Zainab Bahrani (زينب البحراني; born 29 August 1962) is an Iraqi Assyriologist and is Edith Porada Professor of Ancient Near Eastern Art and Archaeology at Columbia University. She was elected fellow of the American Academy of Arts and Sciences in 2020. In 2019 she was awarded an Andrew Carnegie Fellowship; she previously held a Guggenheim Fellowship in 2003. In 2009 she was awarded the James Henry Breasted Prize. Her book The Graven Image demonstrated "a complete overturning of Eurocentric representations of the cultural and artistic legacies of ancient Assyria and Babylonia".
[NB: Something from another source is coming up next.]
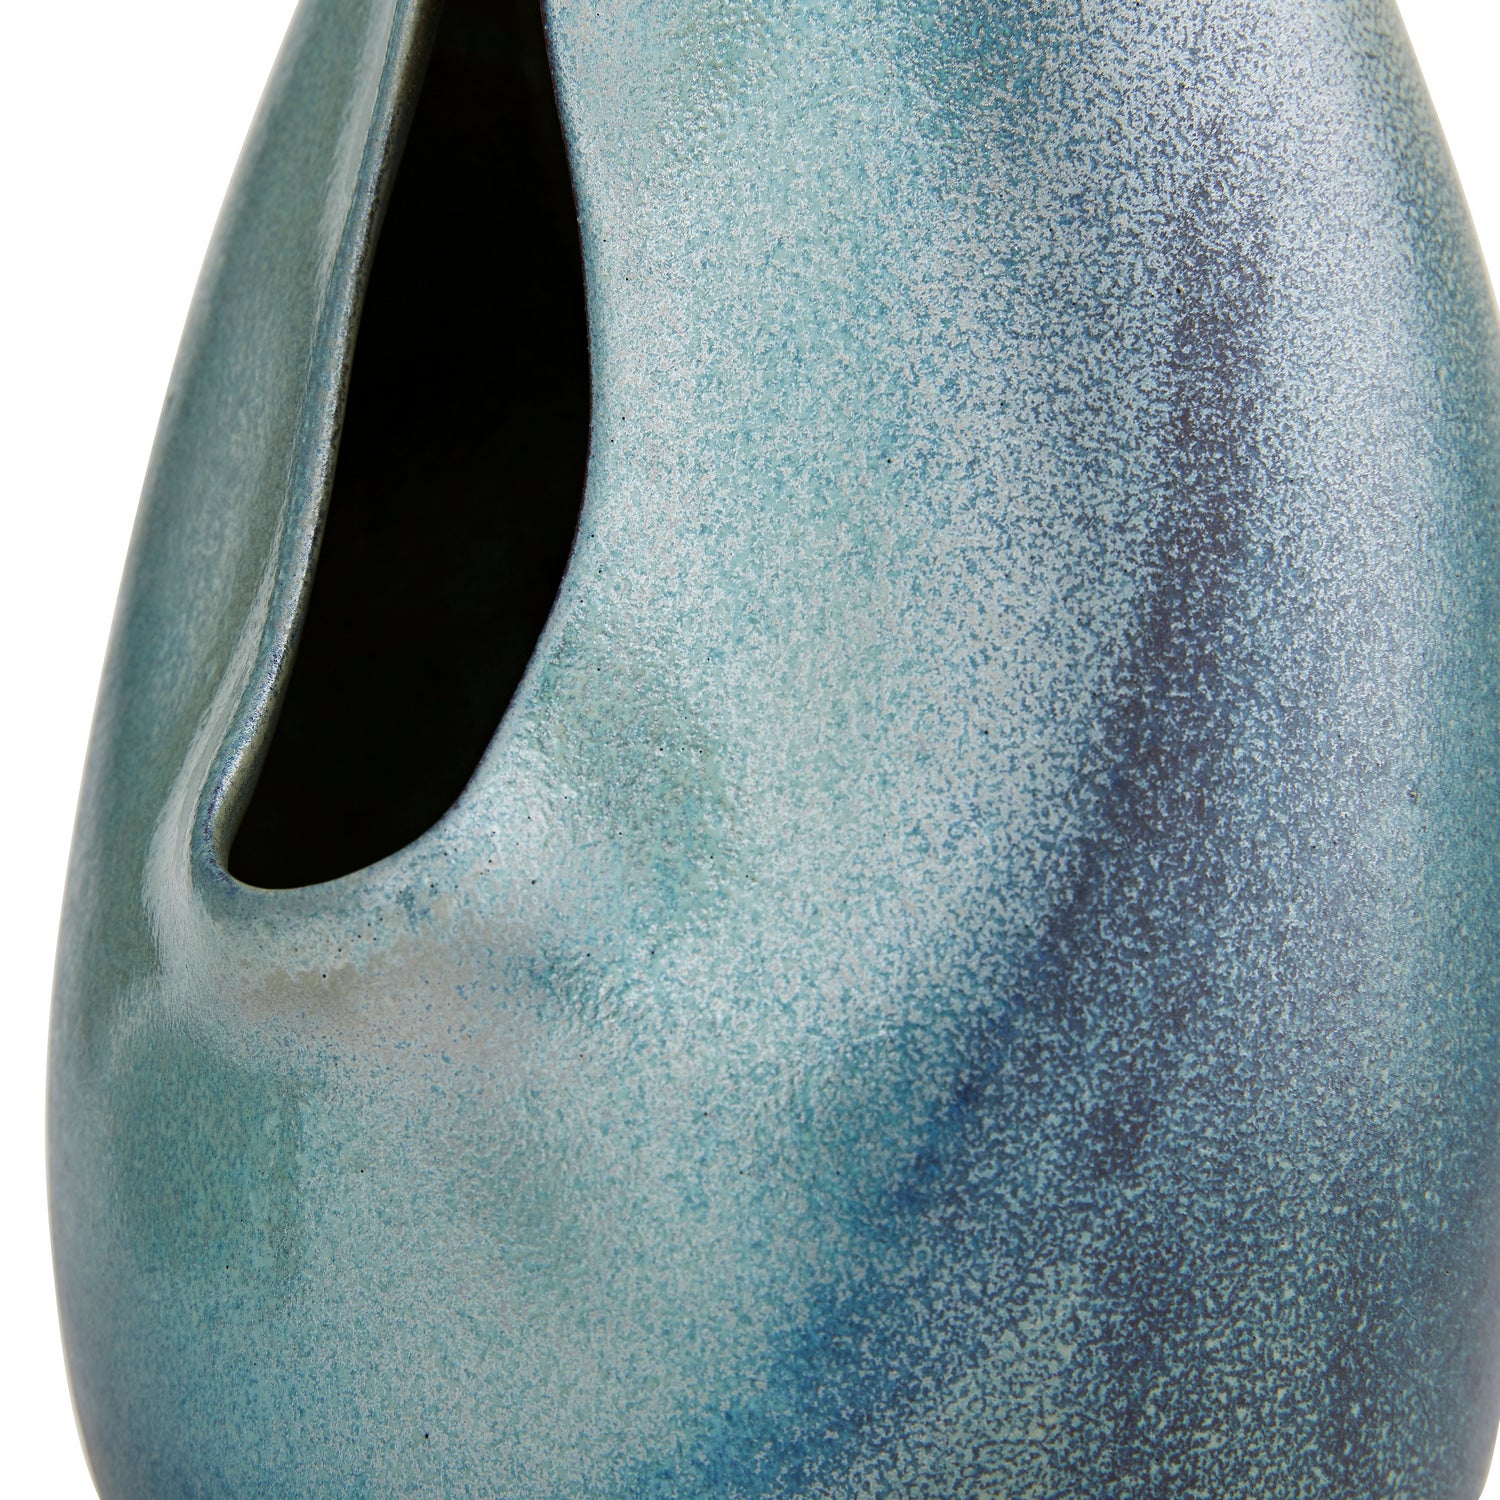 Vases, Set of 2 from the Isaac collection in Waterfall Reactive finish
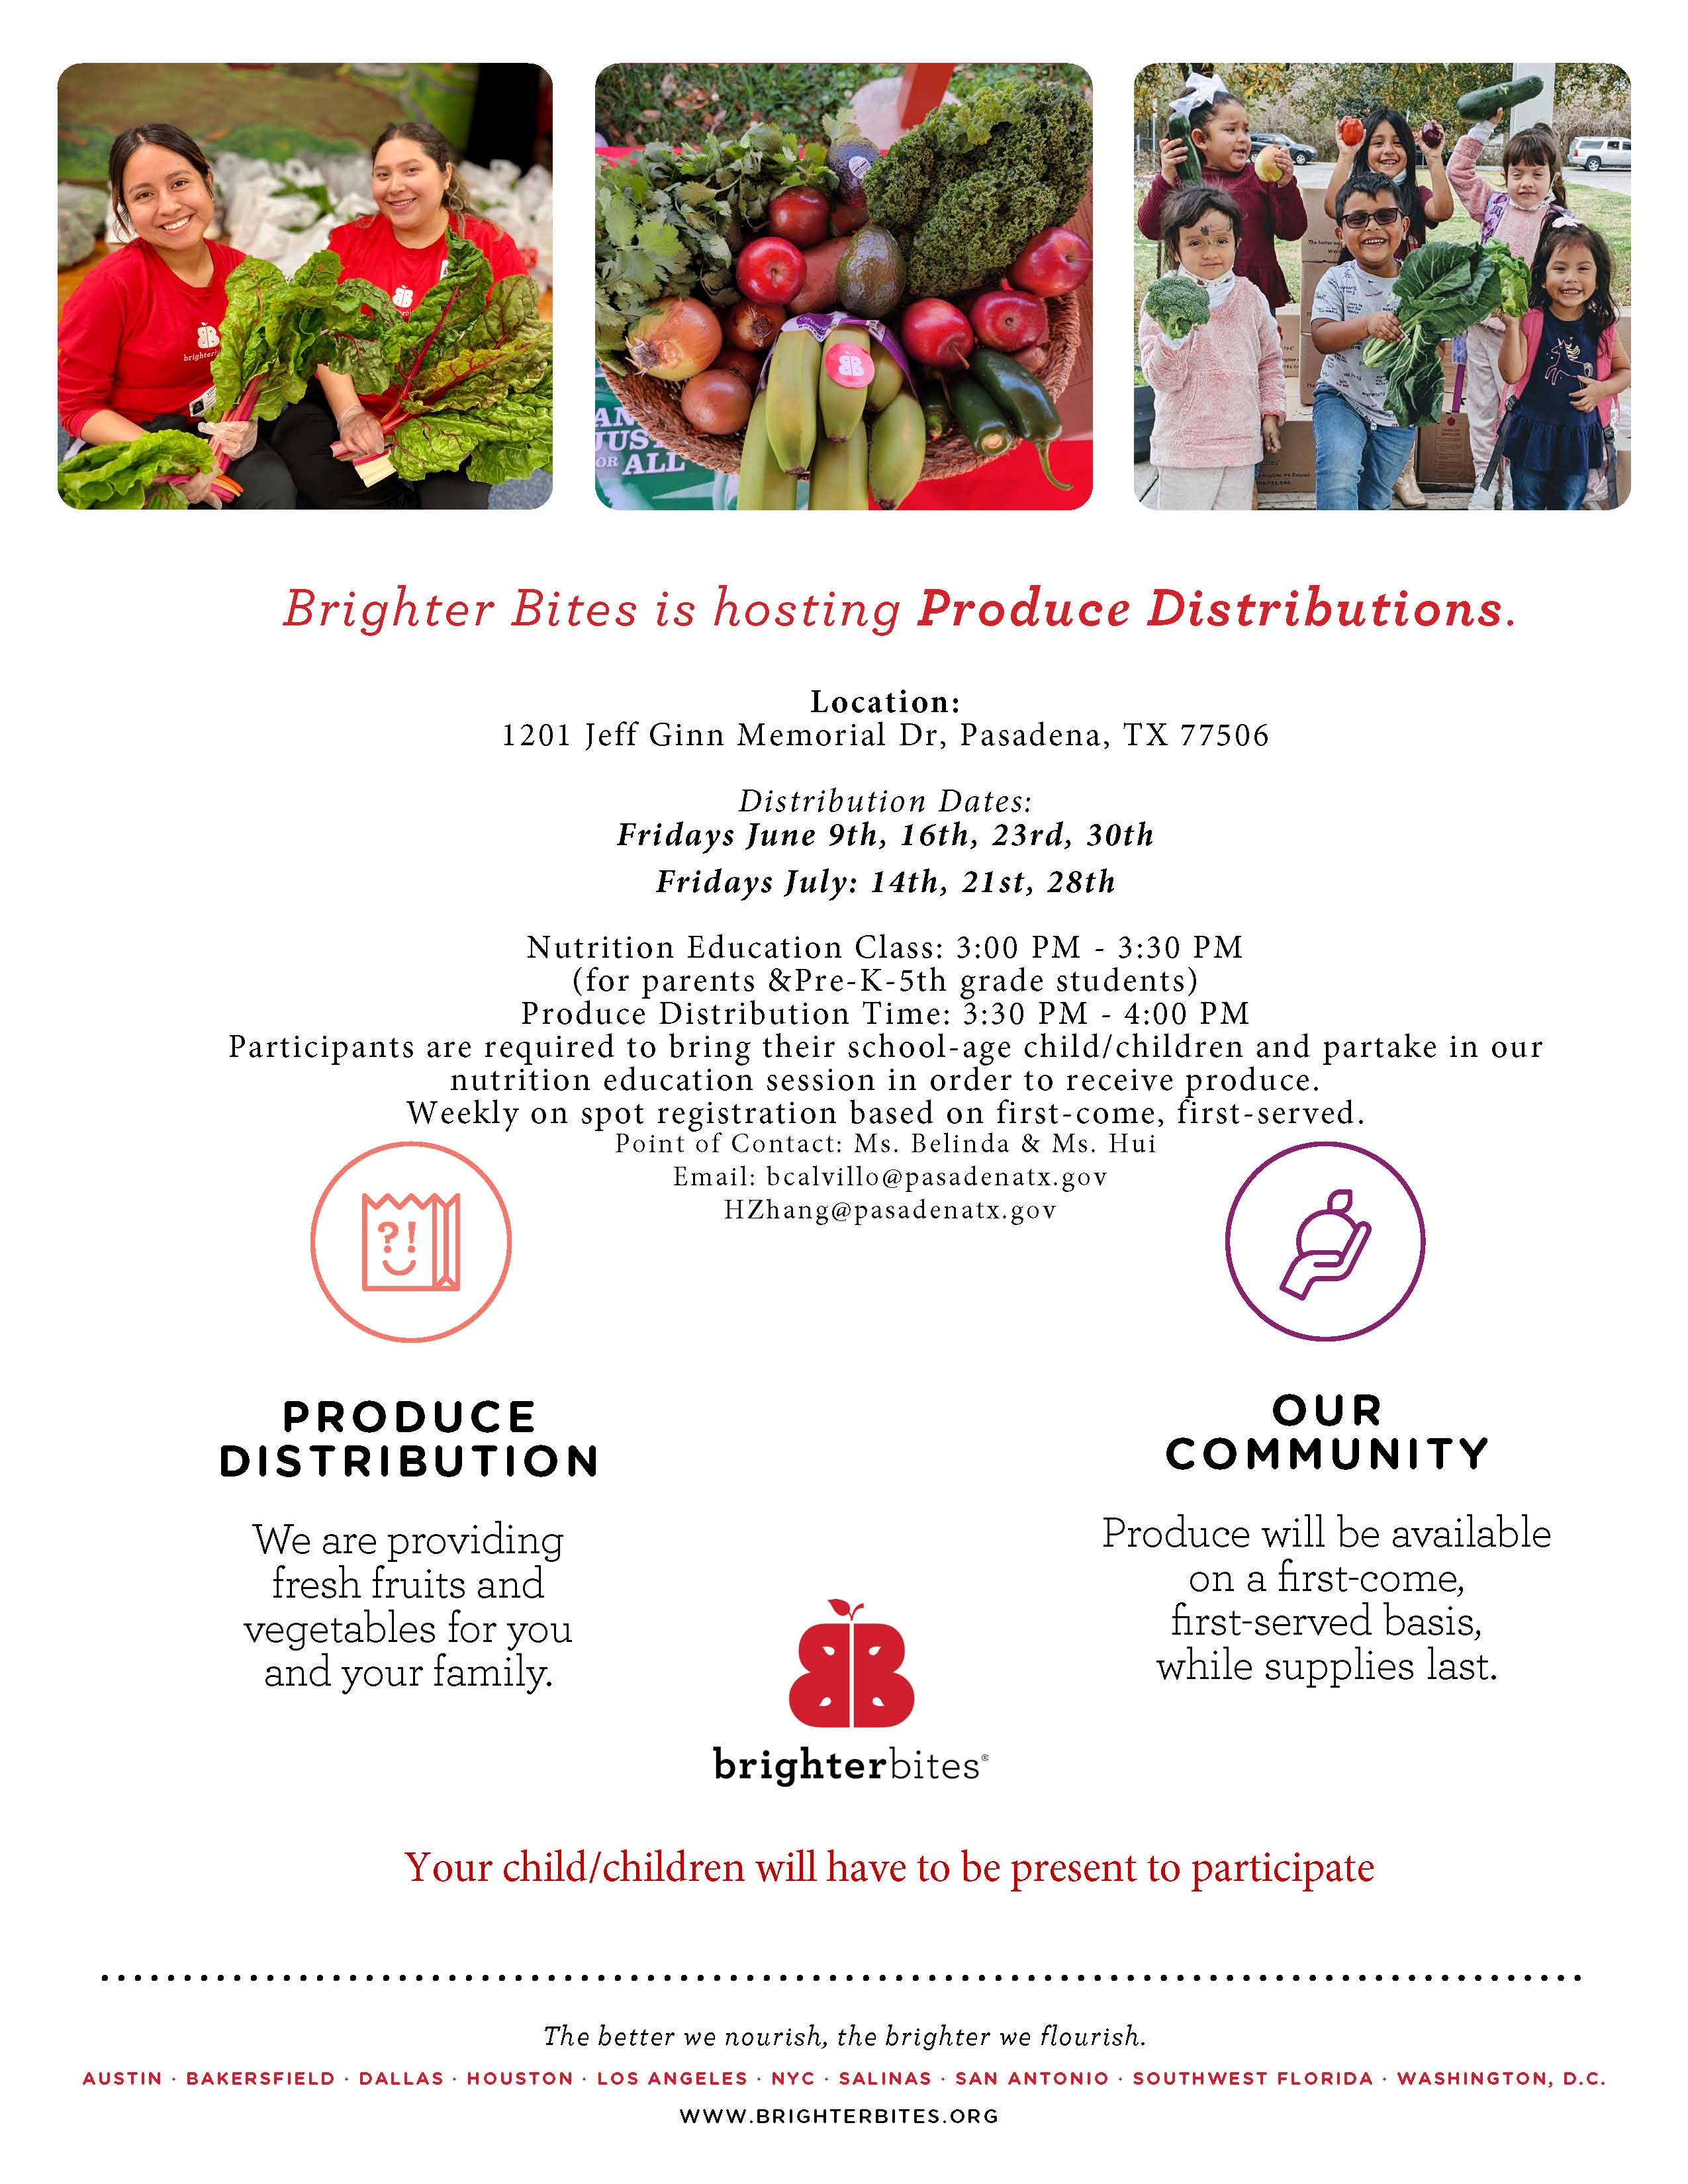 Brighter Bites is hosting Produce Distributions.  Location:1201 Jeff Ginn Memorial Dr, Pasadena, TX 77506 Distribution Dates: Fridays June 9th, 16th, 23rd, 30th & Fridays July: 14th, 21st, 28th

== Early life and education ==
A native of Baghdad, Iraq, she was educated in Europe and the United States. She received her Master of Arts and doctoral degrees (Ph.D. 1989) in art history and archeology from New York University's Institute of Fine Arts.

==Career==
Prior to her appointment at Columbia University, Bahrani taught at the University of Vienna in Austria, State University of New York at Stony Brook, and was a curator in the Metropolitan Museum of Art's Near Eastern Antiquities Department from 1989 to 1992. She was Slade Professor of Fine Art at the University of Oxford for 2010–11. On May 25, 2004, Bahrani was appointed to work with the Coalition Provisional Authority as Senior Consultant for Culture. She stated that her objective was to continue the reconstruction of the Iraq National Museum and the Iraq National Library. She also worked to restore documents to the National Archives of Iraq.

Bahrani has written widely on ancient near eastern art. Her book The Infinite Image was described by Matthew Canepa as a tool for "advocacy of the relevance of ancient Near Eastern art to contemporary art historical discourse, programs, and museums". In Scramble for the Past, edited by Bahrani, she also wrote a chapter which described how Ottoman and European colonial powers used the Assyrian past to meet their own "ideological goals". In reviewing The Graven Image archaeologist Jeremy Tanner described how Bahrani's book demonstrated "a complete overturning of Eurocentric representations of the cultural and artistic legacies of ancient Assyria and Babylonia", compounding the notion that the idea of 'Mesopotamia' itself is a colonial product. Bahrani's book The Ritual Body was reviewed by Carolyn Nakamura, who described it as "an illuminating and theoretically rich consideration of Assyro-Babylonian war and violence".

== Awards and recognition ==
Bahrani was elected fellow of the American Academy of Arts and Sciences in 2020. In 2019 she "was awarded an Andrew Carnegie Fellowship; she previously held a Guggenheim Fellowship in 2003. In 2009 she was awarded the James Henry Breasted Prize.

==Selected works==
- Women of Babylon: Gender and Representation in Mesopotamia (Routledge, 2001)
- The Graven Image: Representation in Babylonia and Assyria (University of Pennsylvania Press, 2003)
- Rituals of War: The Body and Violence in Mesopotamia (New York, 2008)
- Zainab Bahrani, Zeynep Çelik, and Edhem Eldem, eds. Scramble for the Past: A Story of Archaeology in the Ottoman Empire. (Istanbul: SALT, 2011)
- The Infinite Image: Art, Time and the Aesthetic Dimension in Antiquity (Reaktion Books, 2014)
- War Essays (UCL Press, 2025). Downloadable open-access version here.